■ **Records for this exercise**
┄┄┄┄┄┄
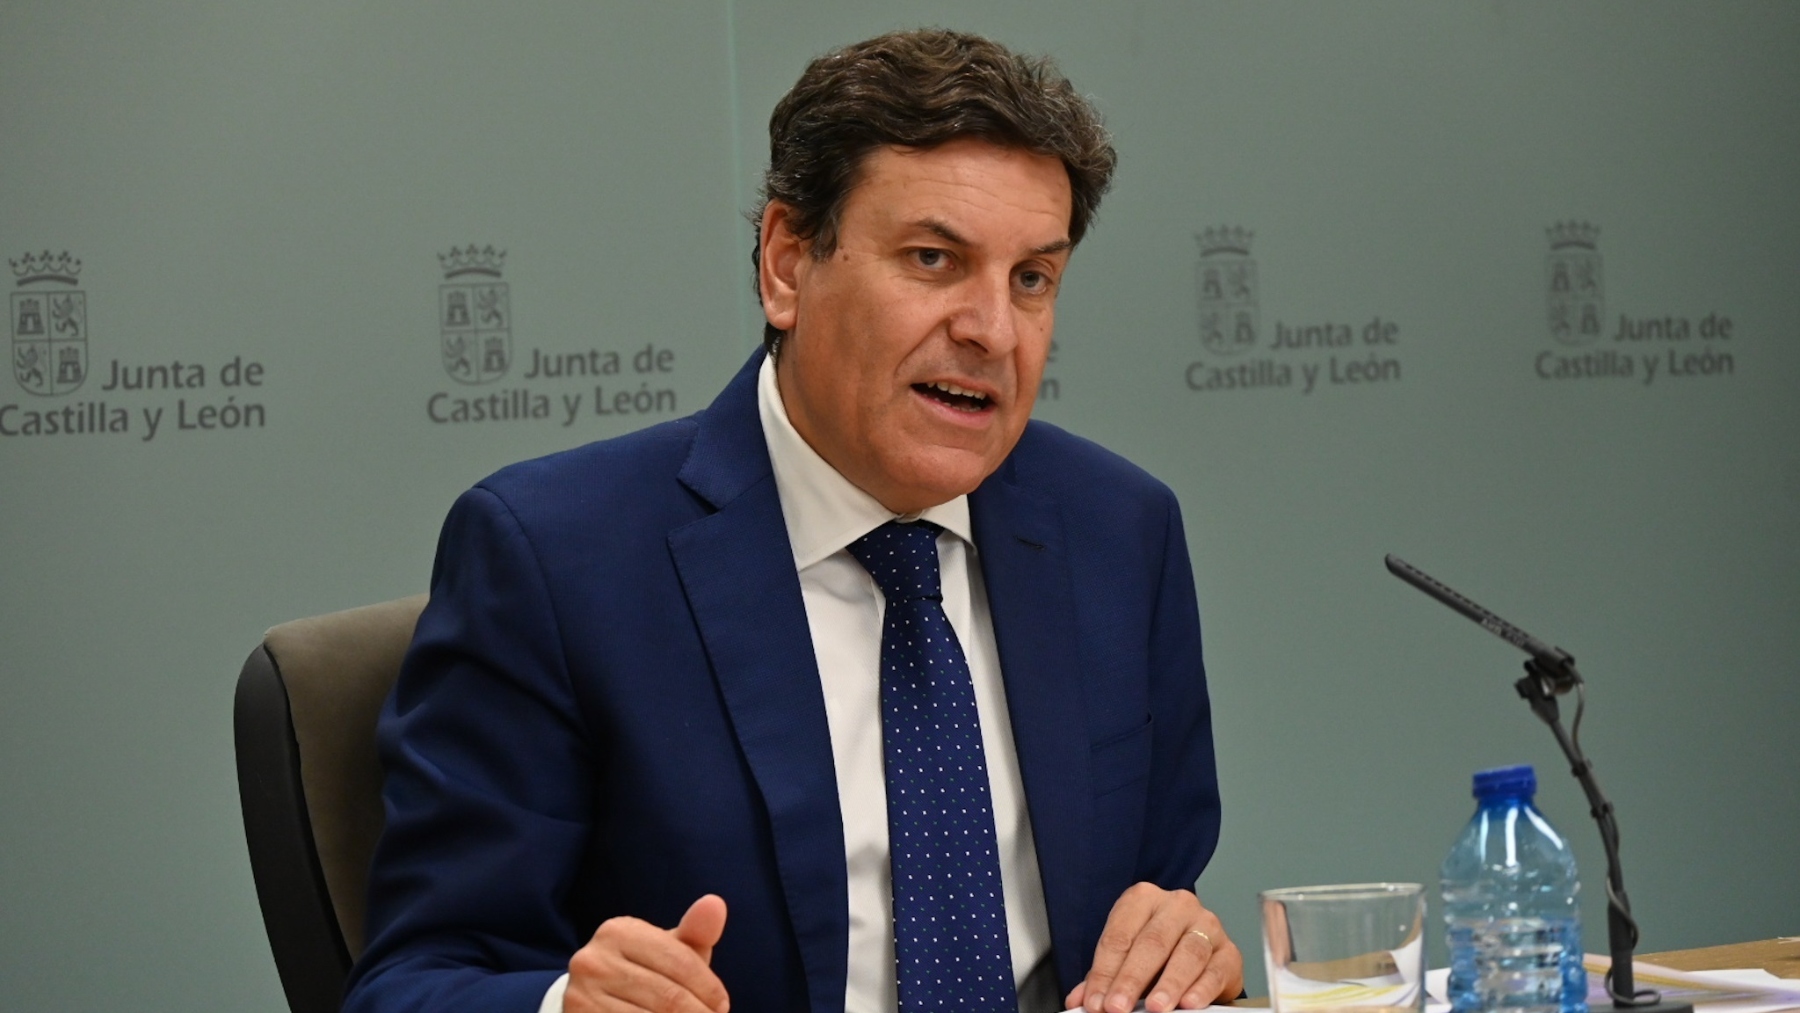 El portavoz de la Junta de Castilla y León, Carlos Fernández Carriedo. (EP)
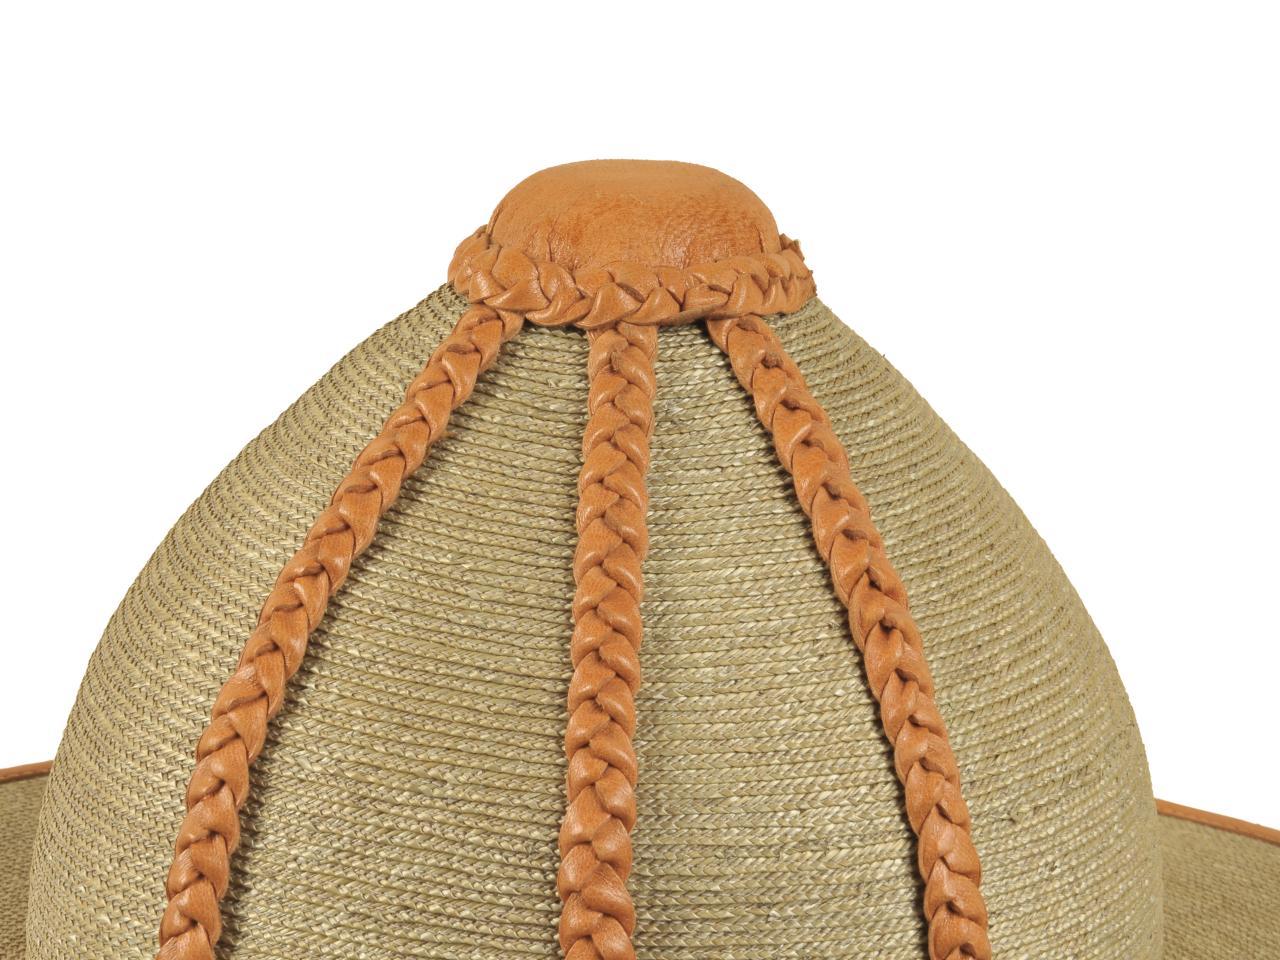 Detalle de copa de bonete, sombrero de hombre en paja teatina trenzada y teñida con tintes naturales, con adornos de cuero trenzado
┄┄┄┄┄┄
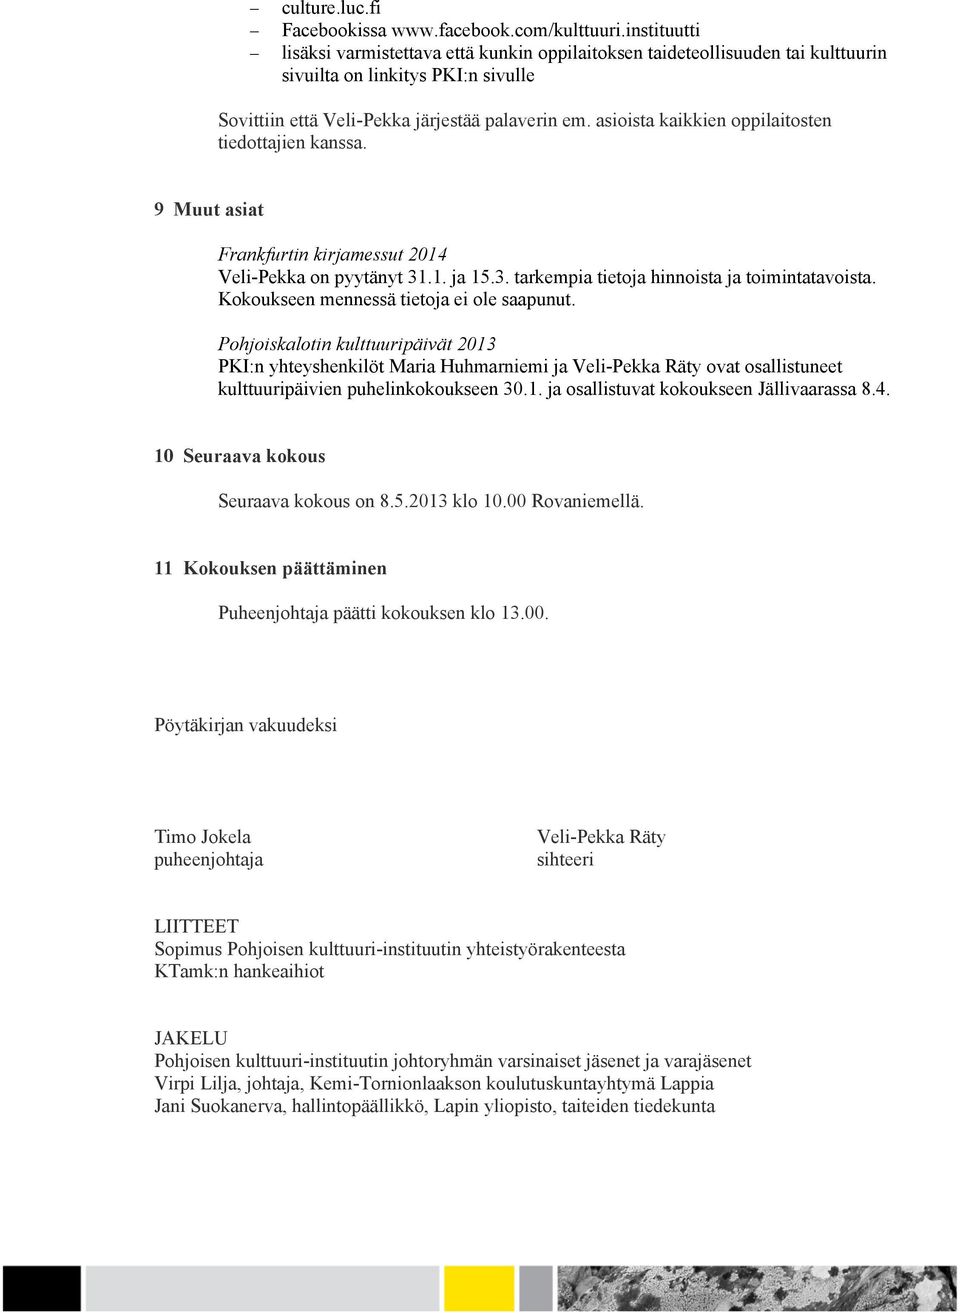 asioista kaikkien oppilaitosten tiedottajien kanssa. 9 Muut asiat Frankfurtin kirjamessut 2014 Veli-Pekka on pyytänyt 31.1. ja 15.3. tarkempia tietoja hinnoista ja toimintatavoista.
┄┄┄┄┄┄
■ **Brief**
Transcribe, from the material above, the stretch starting at the line with "El portavoz de" and ending at the line with "Detalle de copa", both included, exactly. Do not carry over pictures.

■ **Output below**
 El portavoz de la Junta de Castilla y León, Carlos Fernández Carriedo. (EP)
 Detalle de copa de bonete, sombrero de hombre en paja teatina trenzada y teñida con tintes naturales, con adornos de cuero trenzado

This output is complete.